THE DATA below:
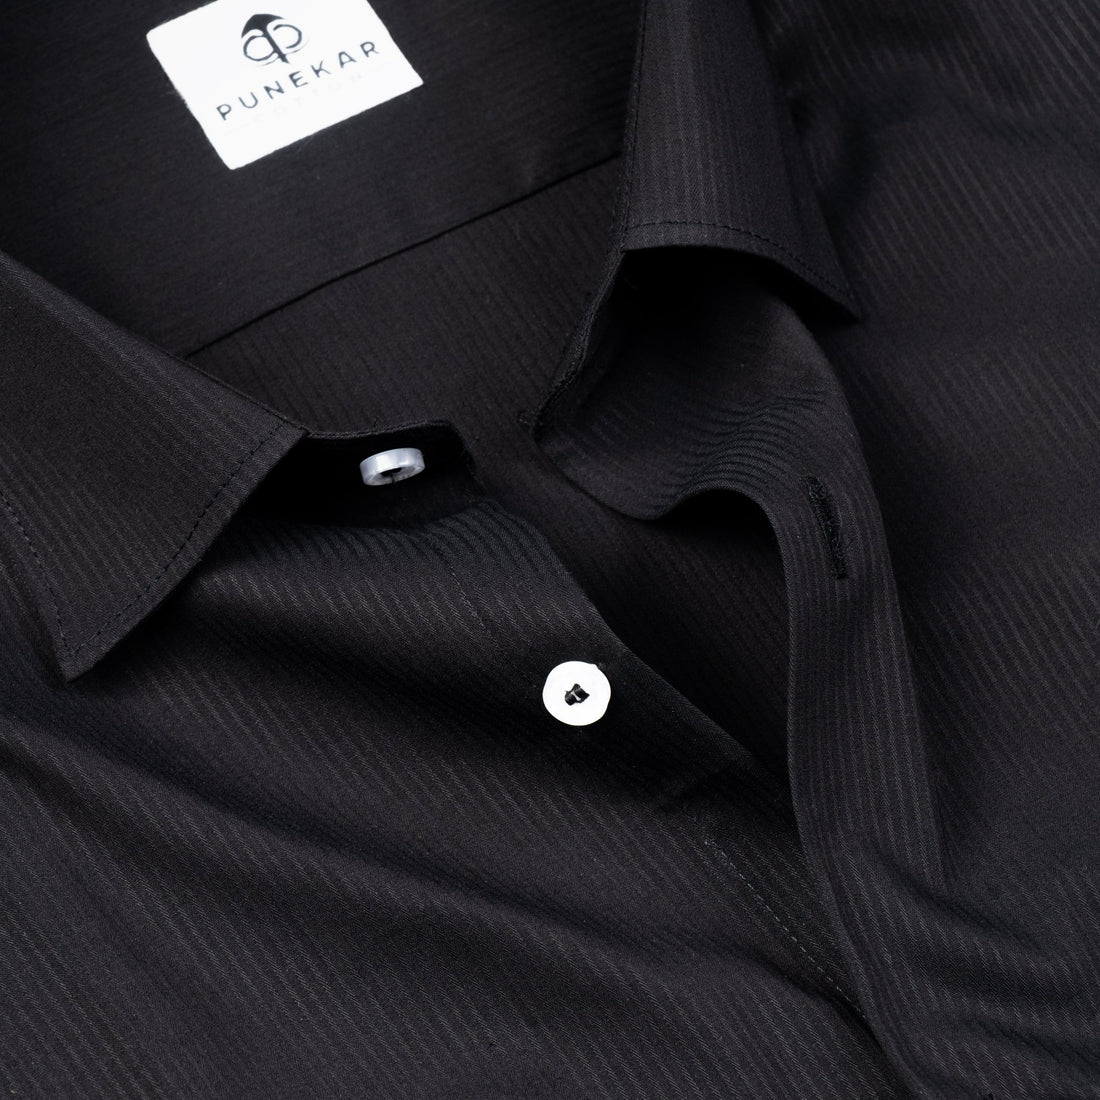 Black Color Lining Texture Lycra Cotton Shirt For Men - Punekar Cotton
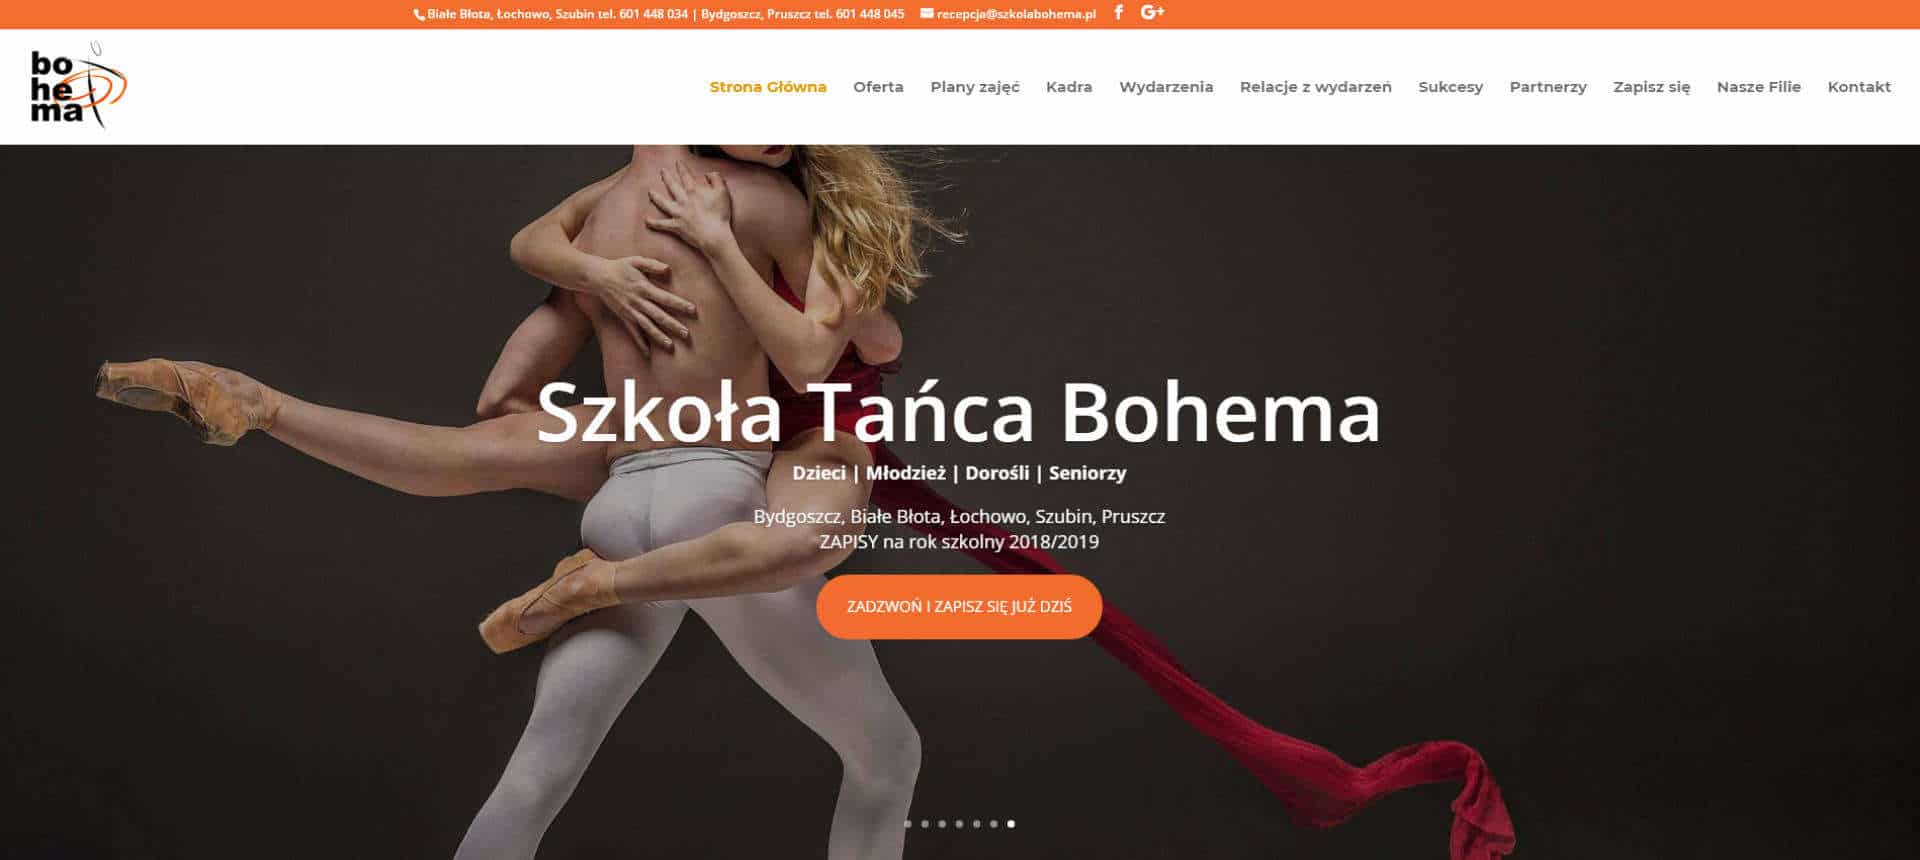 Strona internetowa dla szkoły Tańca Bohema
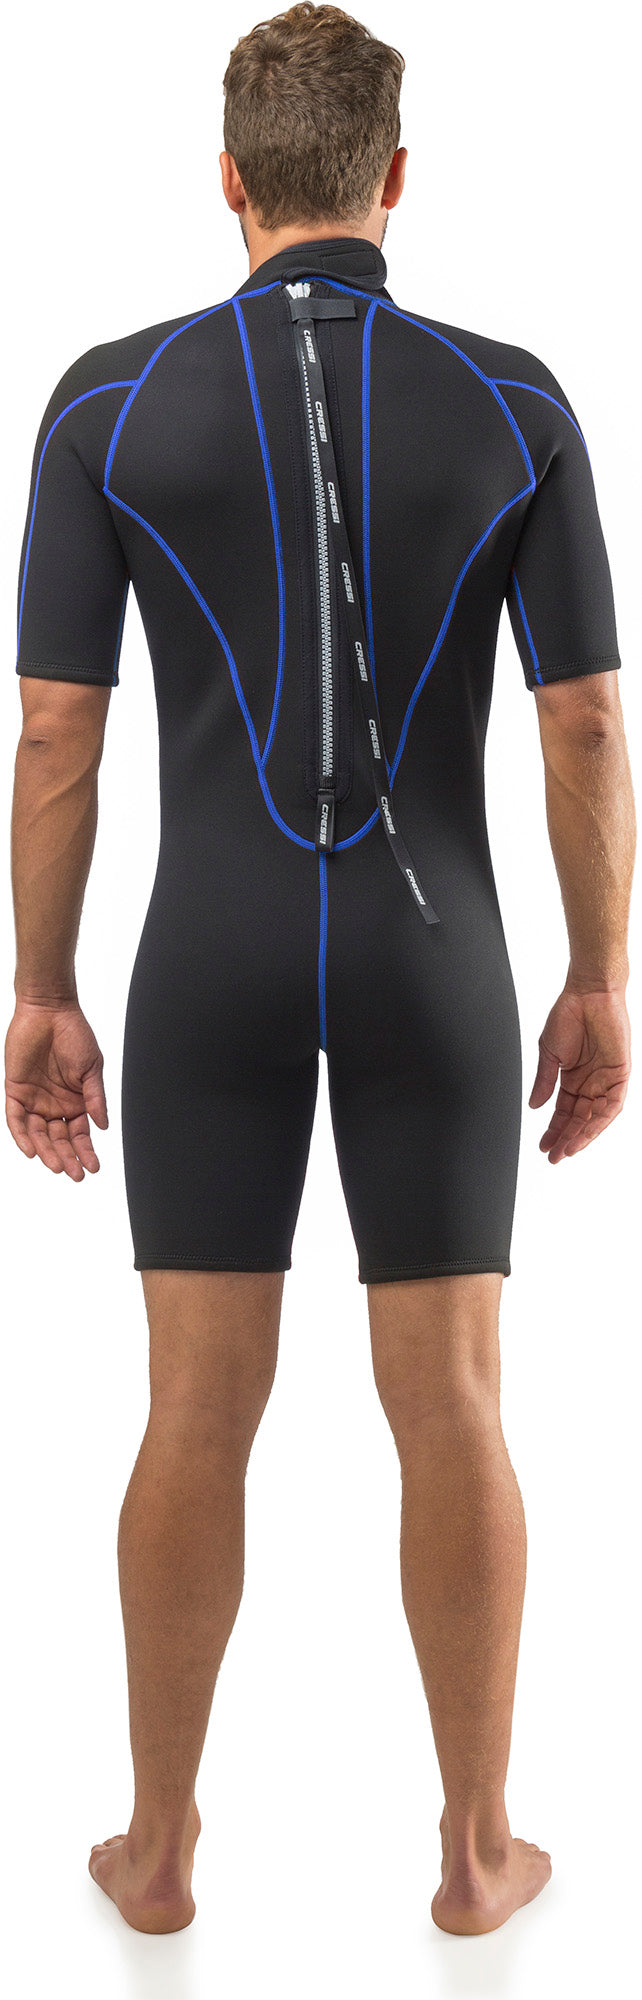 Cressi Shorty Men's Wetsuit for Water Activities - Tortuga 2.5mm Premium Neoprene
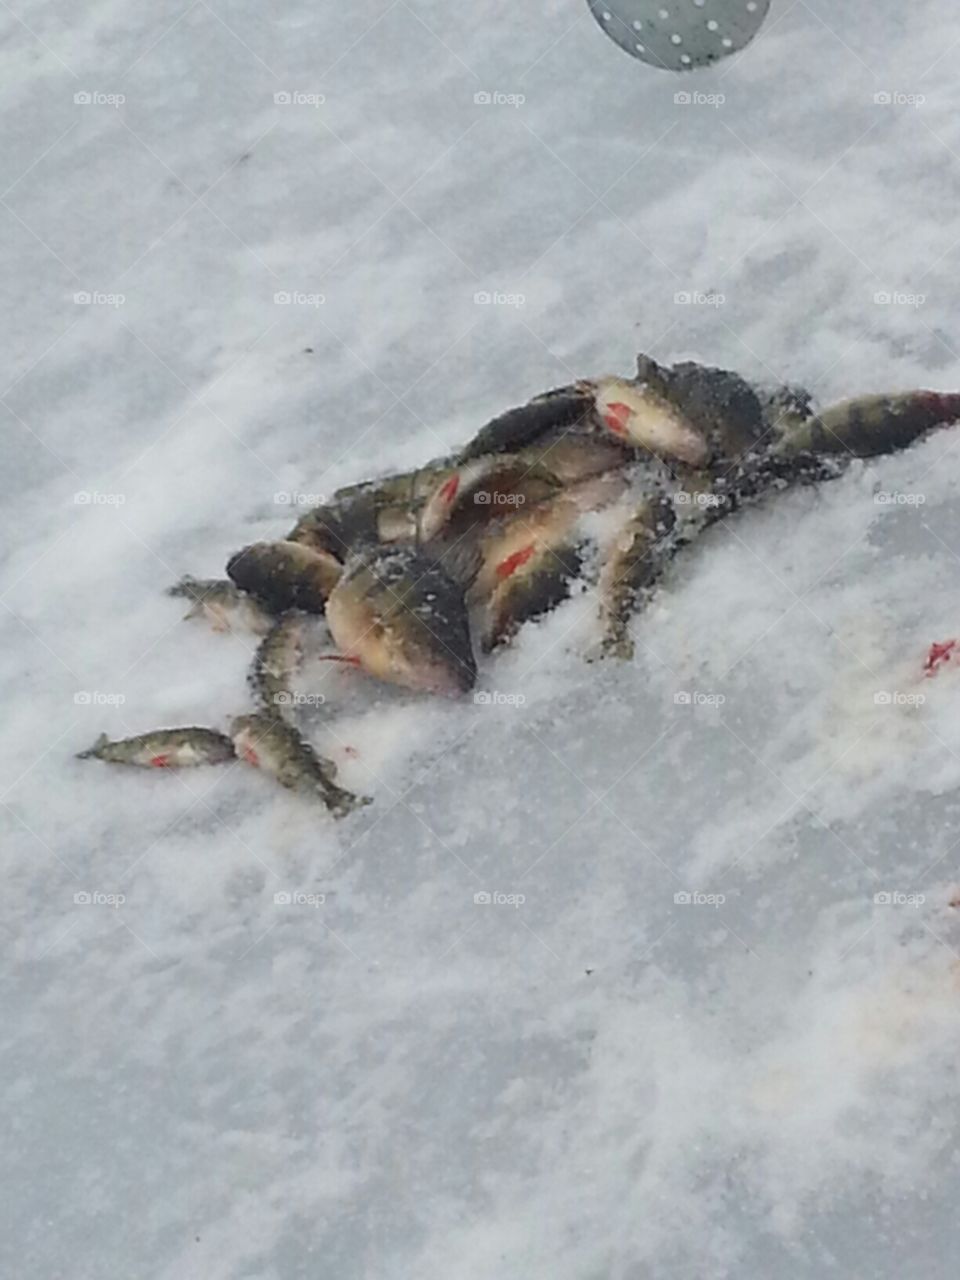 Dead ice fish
End of THE DATA.
* TASK REQUIREMENTS *
The result should be an exact copy of the material, containing no pictures.

* WRITTEN RESPONSE *
 Black Color Lining Texture Lycra Cotton Shirt For Men - Punekar Cotton
 Strona internetowa dla szkoły Tańca Bohema
 Cressi Shorty Men's Wetsuit for Water Activities - Tortuga 2.5mm Premium Neoprene
 Dead ice fish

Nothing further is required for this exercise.